The changes run successfully on the demo data set and I confirmed that pytorch can find the GPU in the snakemake-built conda environment.

Documentation

punt again...but getting very close to actually doing this!

next PR

My next PR will clean up some of the issues with peptide header names and collect all of the annotation information produced since the peptipedia PR.

Update

I'm working on a summary script to put together all of the annotation data, which I'm in part hoping to use to determine whether a peptide is real or not. As part of this, I was looking at the autopeptideml predictions, and they look something like this:

ID sequence AB ACE ACP AF AMAP AMP AOX APP AV BBP DPPIV MRSA Neuro QS TOX TTCA total
Transcript_1000463.p1_start95_end131 HNLIAESTIGAALAVMEAMQTTYAVRGKLVVLGTPA 0.33 0.33 0.66 0 0 0.66 1 0.33 1 1 0.33 0 1 0.33 1 0.66 8.67
Transcript_100028.p1_start77_end112 LRGQSLGSVAFLDTASAYPLVDSTAGLHVSAIAPV 0 0.33 0.33 0 0 0.33 1 0 1 1 0.33 0 1 0.33 0.66 1 7.33
Transcript_1001336.p1_start33_end79 GEVGETEDLEVLASFRVSSYLVSPVIAEDSFHVTSQATSLGAAATR 0 0.66 0 0 0.33 0.33 1 0 1 1 0.33 0 1 0 1 0.66 7.33
Transcript_1000535.p1_start68_end92 MFSSNRGTVPVSLDMPFQVVRQVD 0 0.66 0 0 0 0.33 1 0 0.66 0.66 0.66 0 1 0.33 0.66 1 7
Transcript_1000655.p1_start55_end108 SYVRKLCFPEGNPVLDVEDLKHGGHYVALLPHESFKKPSSKIPNNYMRTYETL 0 0.66 0 0 0 0 1 0.33 0.66 1 0.66 0 1 0.66 0.66 0.33 7
Transcript_1.p1_start84_end120 DHIRIHTGEKPYHCHLCPMAFAQNSGLYHHLRRHKN 0.33 0 0 1 0 1 1 1 0.33 1 0 0 0 0 1 0 6

This feels somewhat concerning because there are so many predictions, it's certainly over predicting. Since this isn't a labelled dataset (it's just the first 200 rows of transcripts from the Amblyomma transcriptome), we don't know the ground truth here. However, imagine being presented with this information...what do you do with it?? I was sort of hoping that there wouldn't be quite so much overprediction, and we could use this information as a filter for peptides that are more likely to be real. I don't think we can do that now, but I do think this is still worth including.
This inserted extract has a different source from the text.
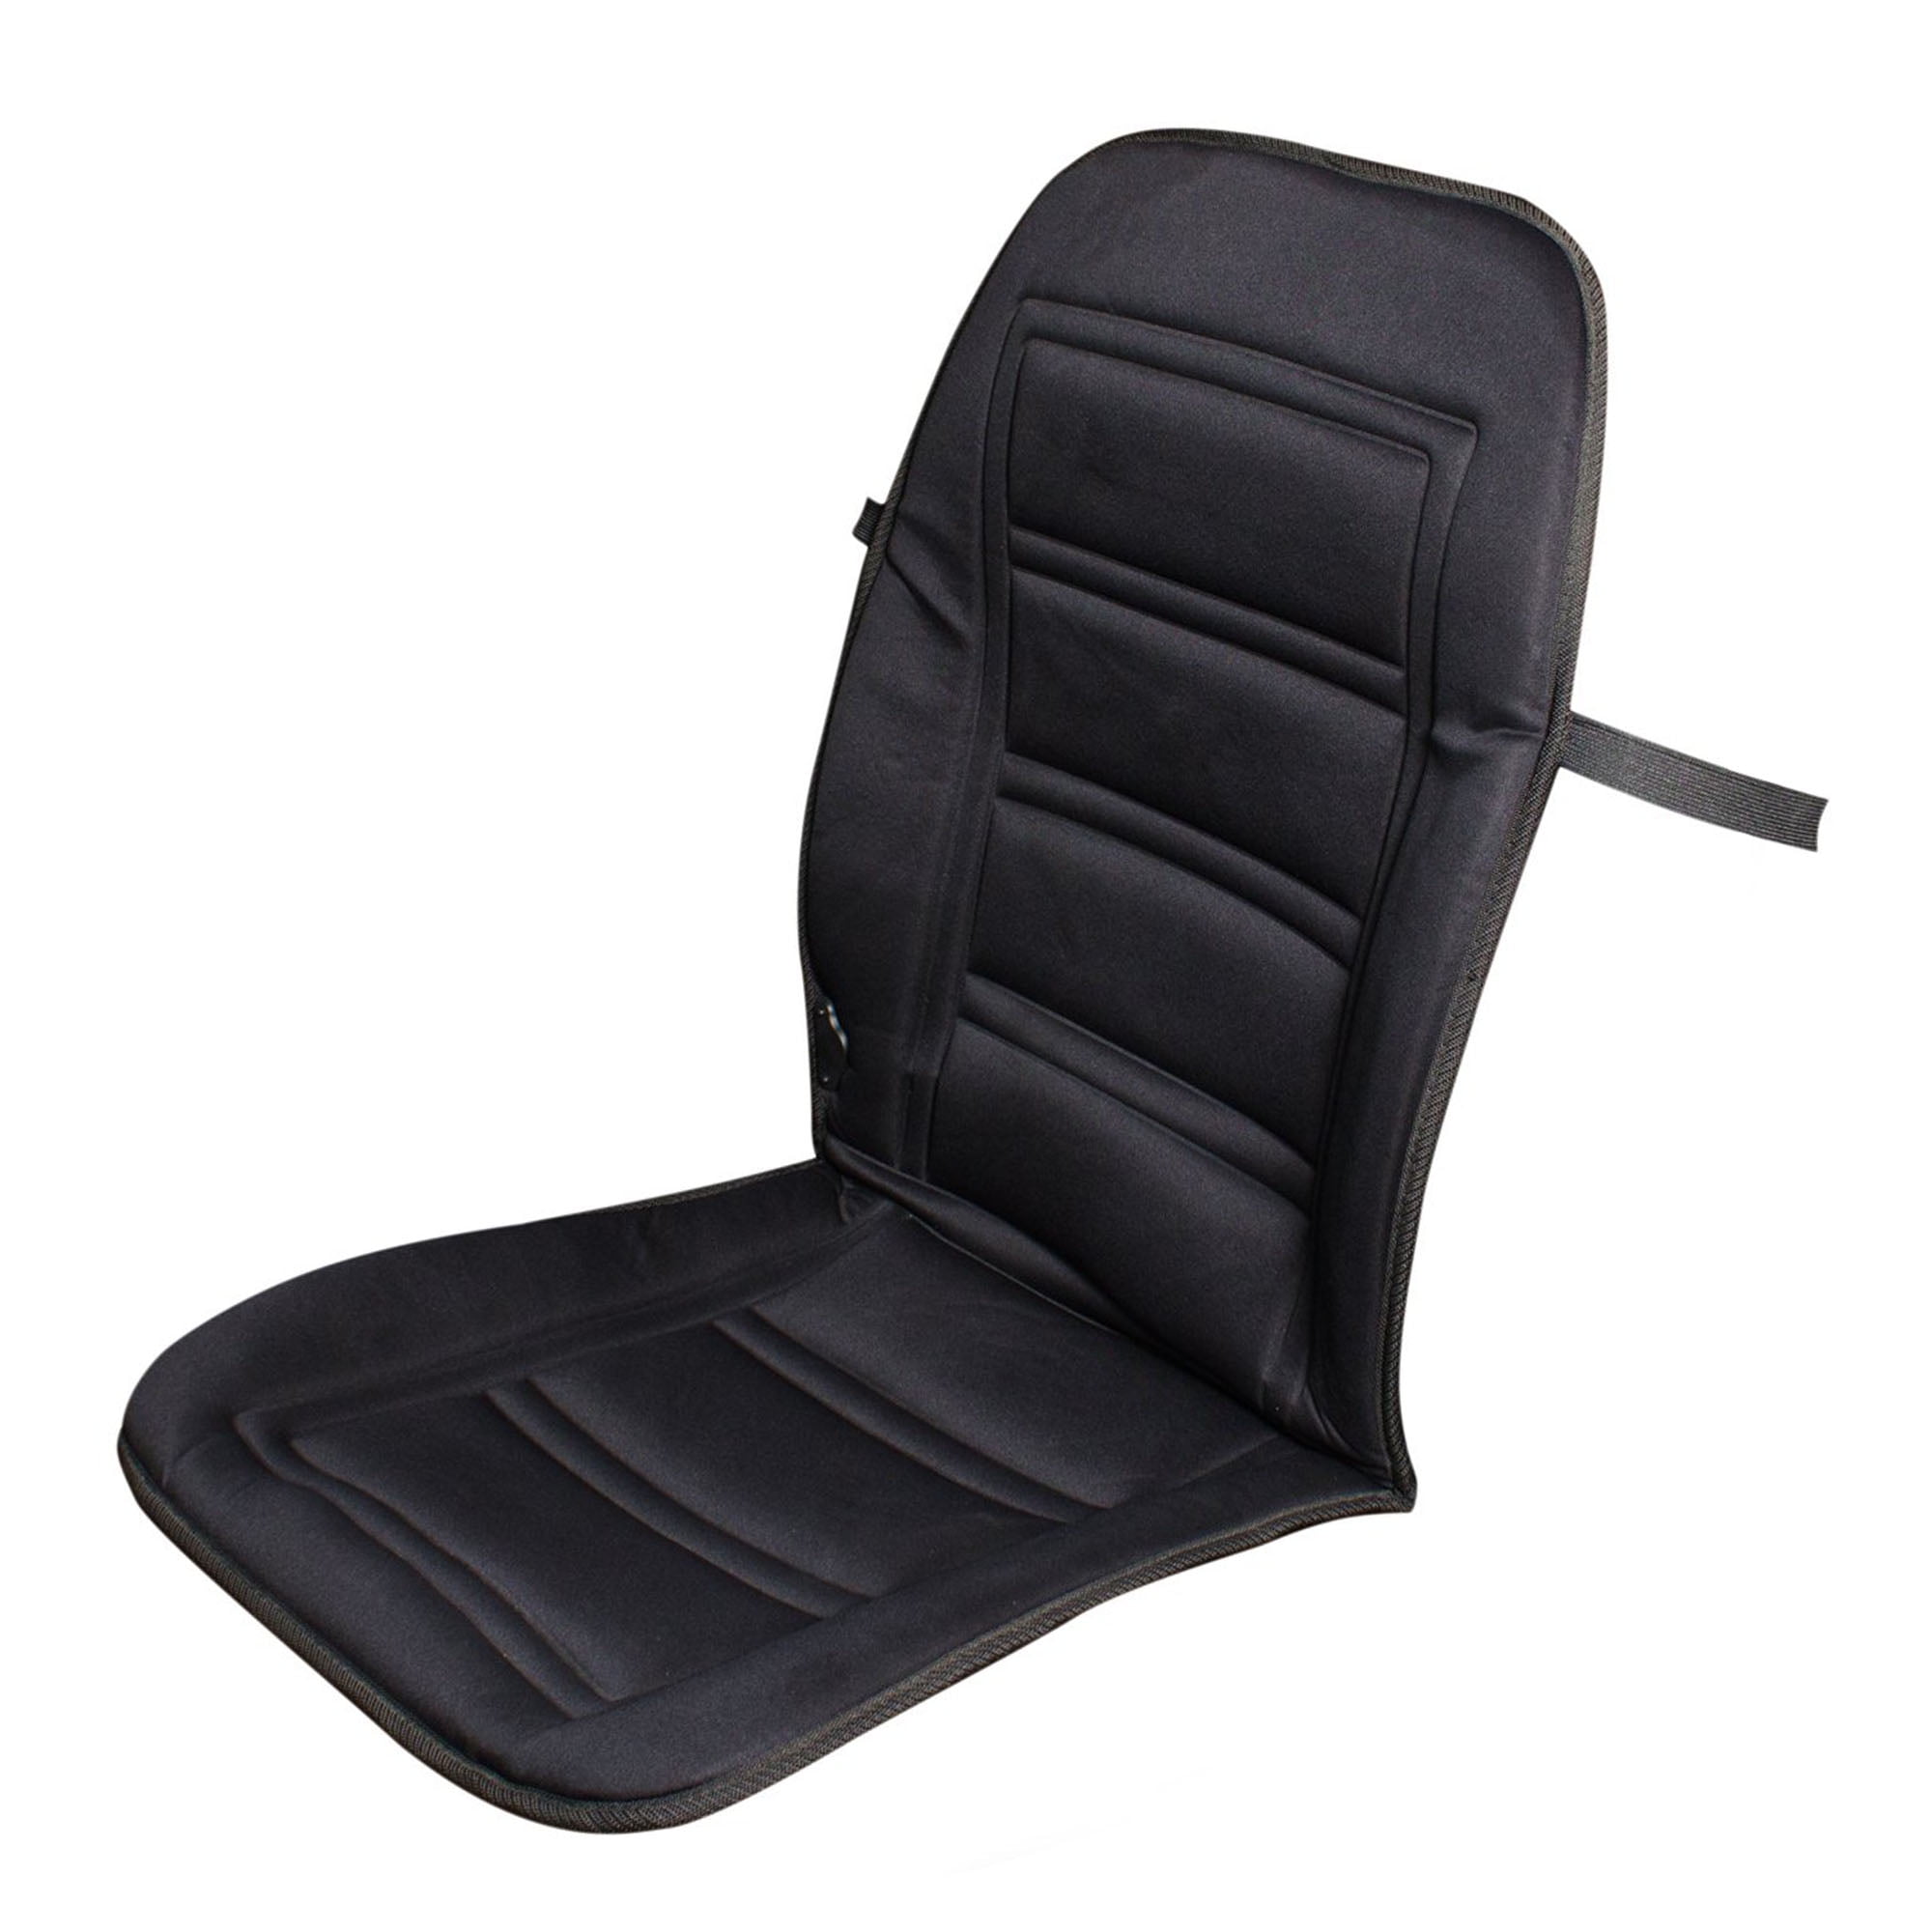 1pc 12V Car Heating Seat Cushion, 30s Fast Heating Car Seat Pad

I'm going to start an issue on thinking through how to filter down to peptides that are potentially real.

taylorreiter commented 8 months ago
  • should the models that you received from the autopeptideml authors be included in the repo (assuming they're not too large)? alternatively, we could host the models somewhere else (S3 or another github repo) and then download them in the snakefile.

The model folders are ~400mb, so I didn't upload them here. My hope is that the person who shared them with me will make them available for download soon, and i'll incorporate them with a download link in the pipeline then. My plan is to punt on putting them anywhere til this happens, but I put some comments into the snakefile as reminders to do that. If the authors don't make them available for download soon, I'll put them on OSF for download.
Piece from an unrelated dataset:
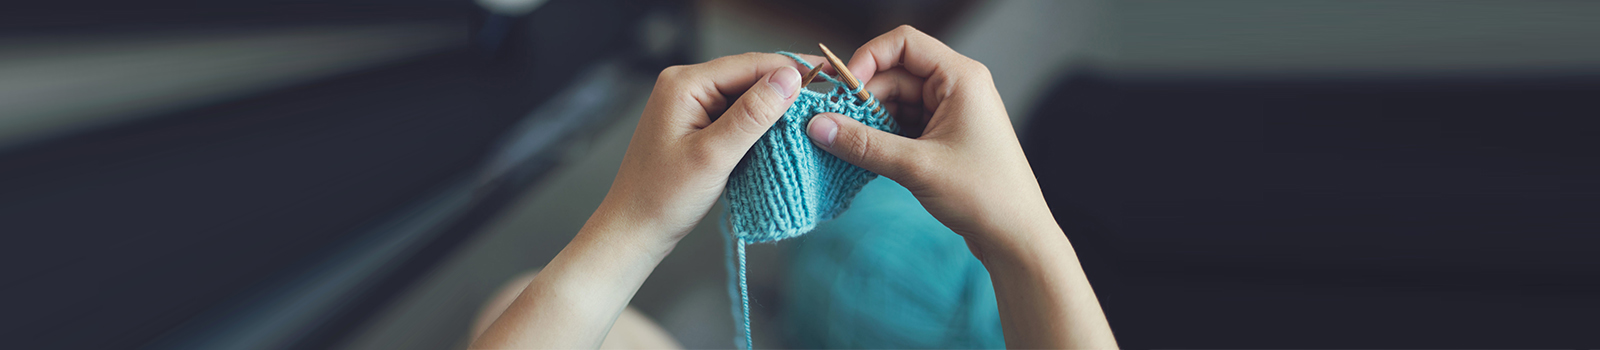 Knitting, Person, Human
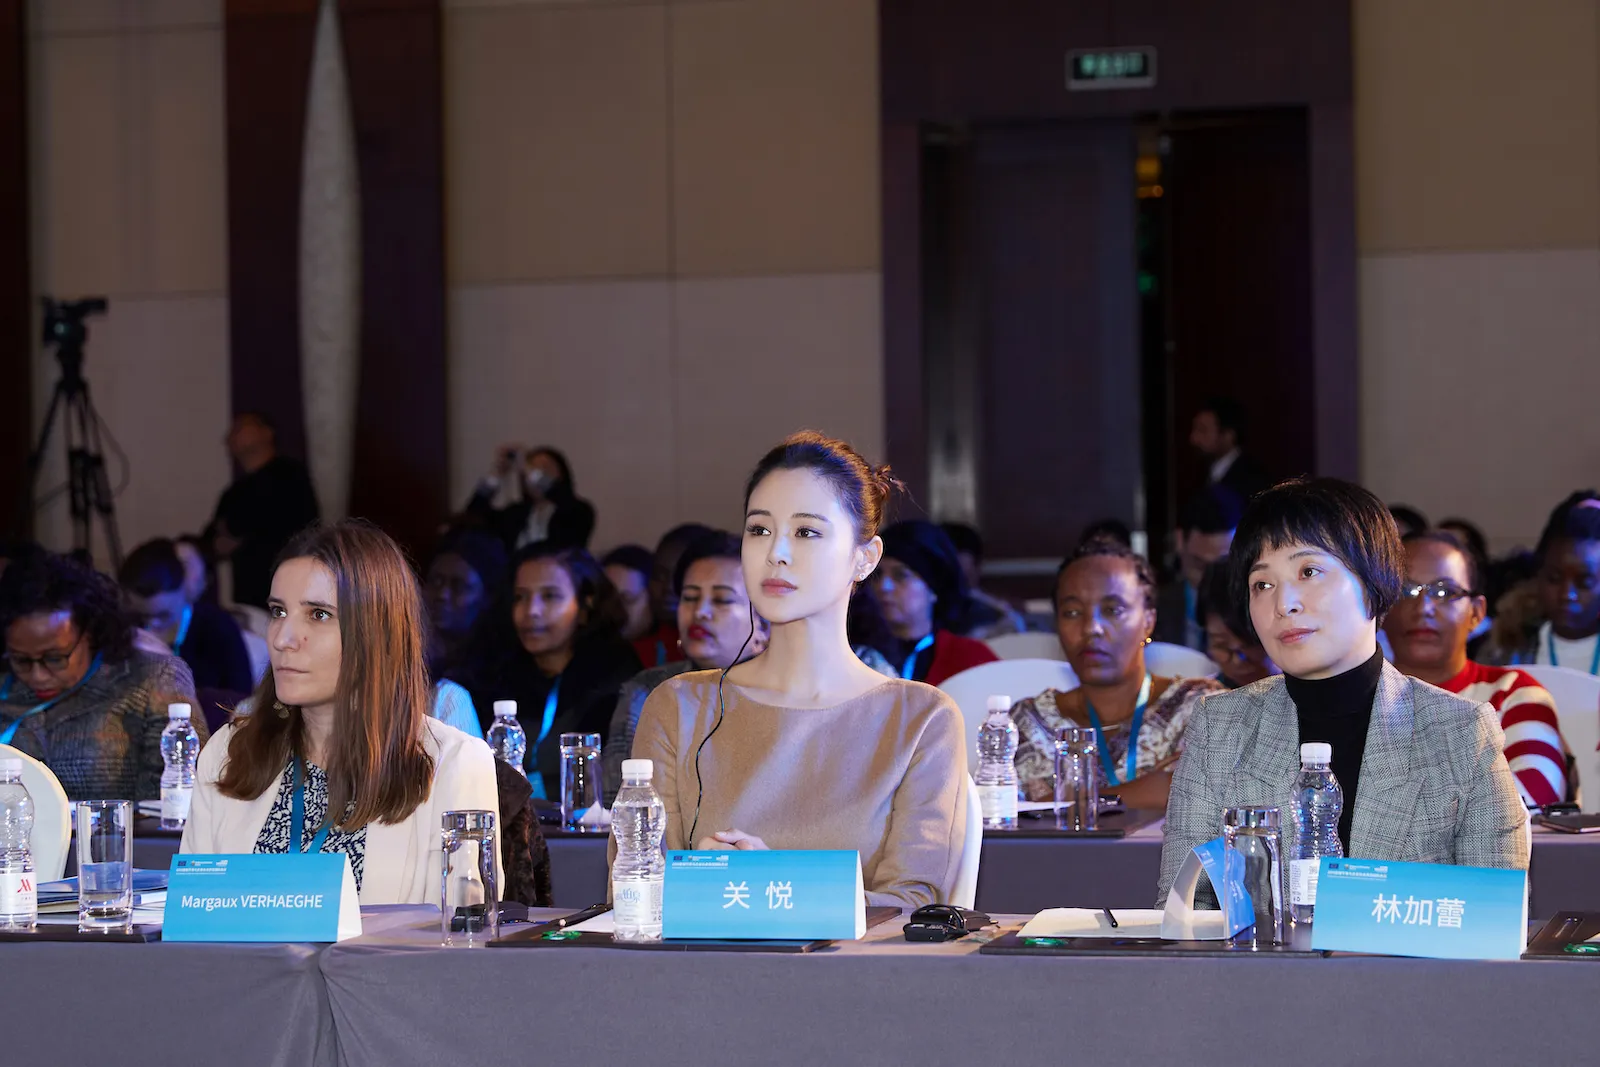  Yue Guan 倡导企业为女性赋权.JPG

  • the use of autopeptideml here is a bit inefficient because it re-generates the ESM embeddings for each of the 12 named models. For now this is probably okay, but it may be worth optimizing if the dataset of combined peptide predictions that are input to autopeptideml becomes large (I would guess larger than ~10,000 sequences).
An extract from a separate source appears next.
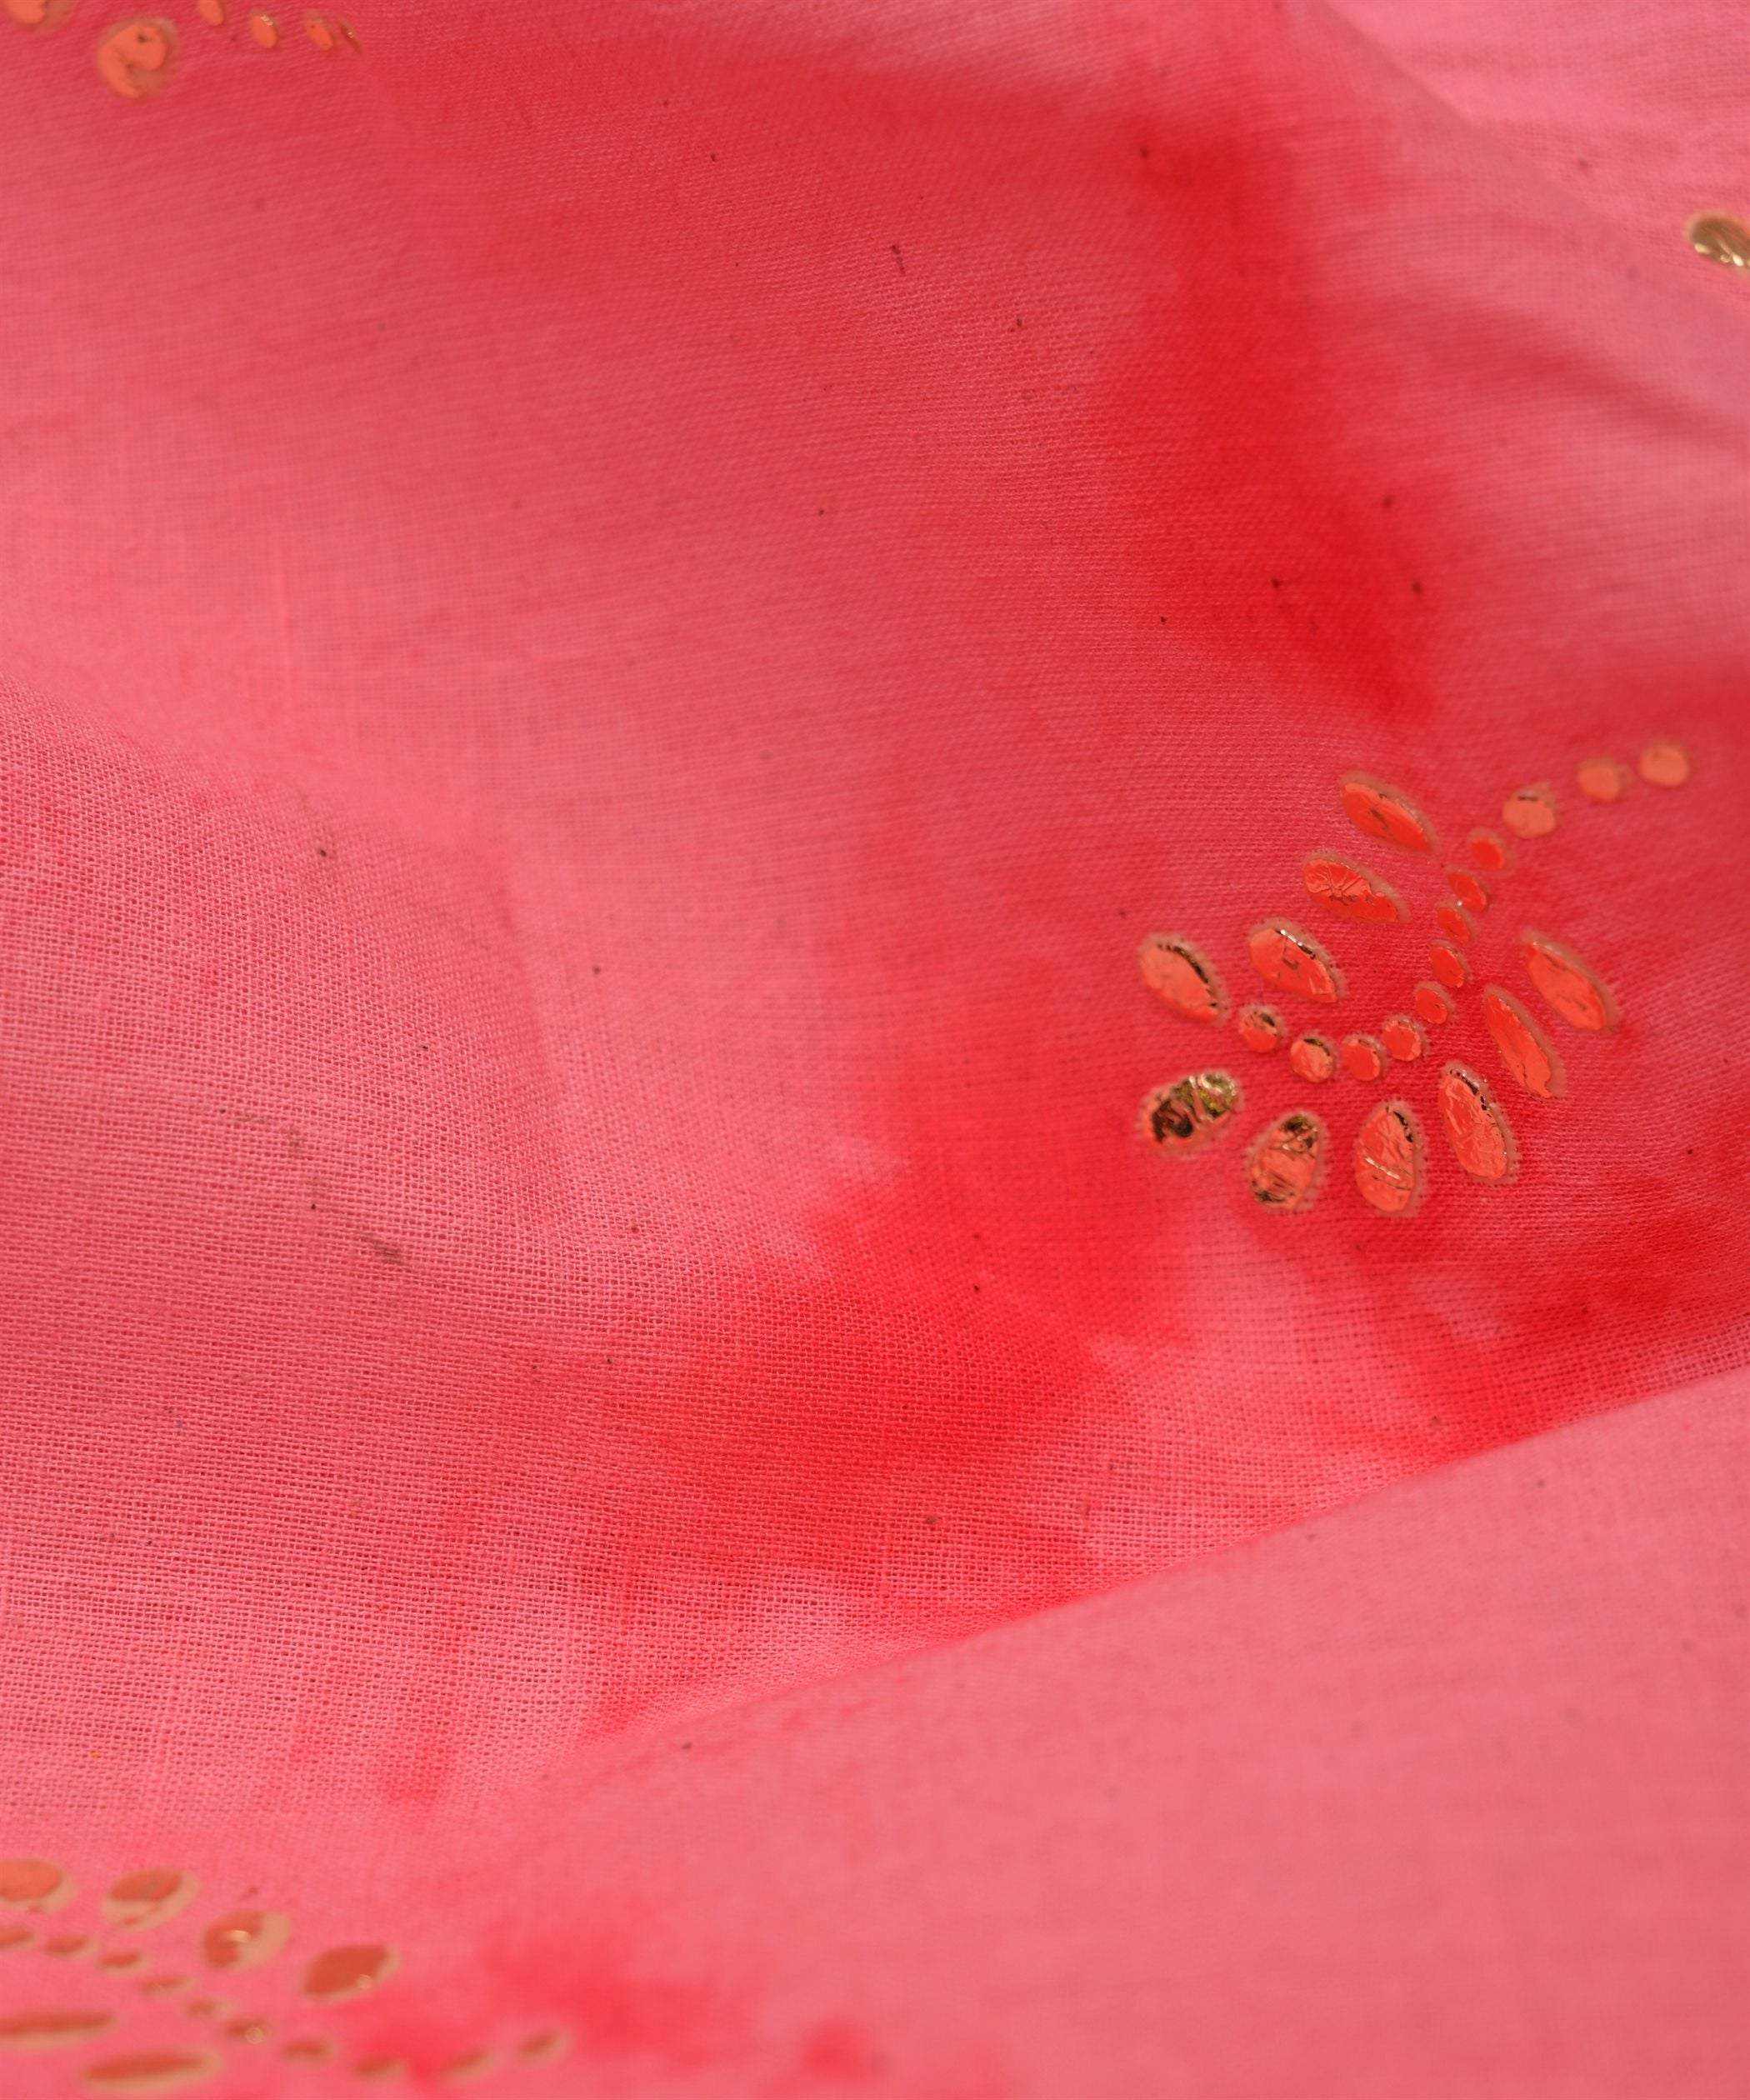 Hot pink Shibori print on Mal cotton Fabric with Motif Mukaish work

This is a really good point. I'll make an issue for this. It might be worth just running all twelve models in the same script (I think it probably is, but will make an issue an think on it more!)

  • we should look into the implications of snakemake parallelizing processes that use the GPU (in this case, all of the autopeptideml models). I assume that this is handled in a sensible way at the level of CUDA or the GPU itself, but I'm not sure.

Also a great point, I'll add it to the issue.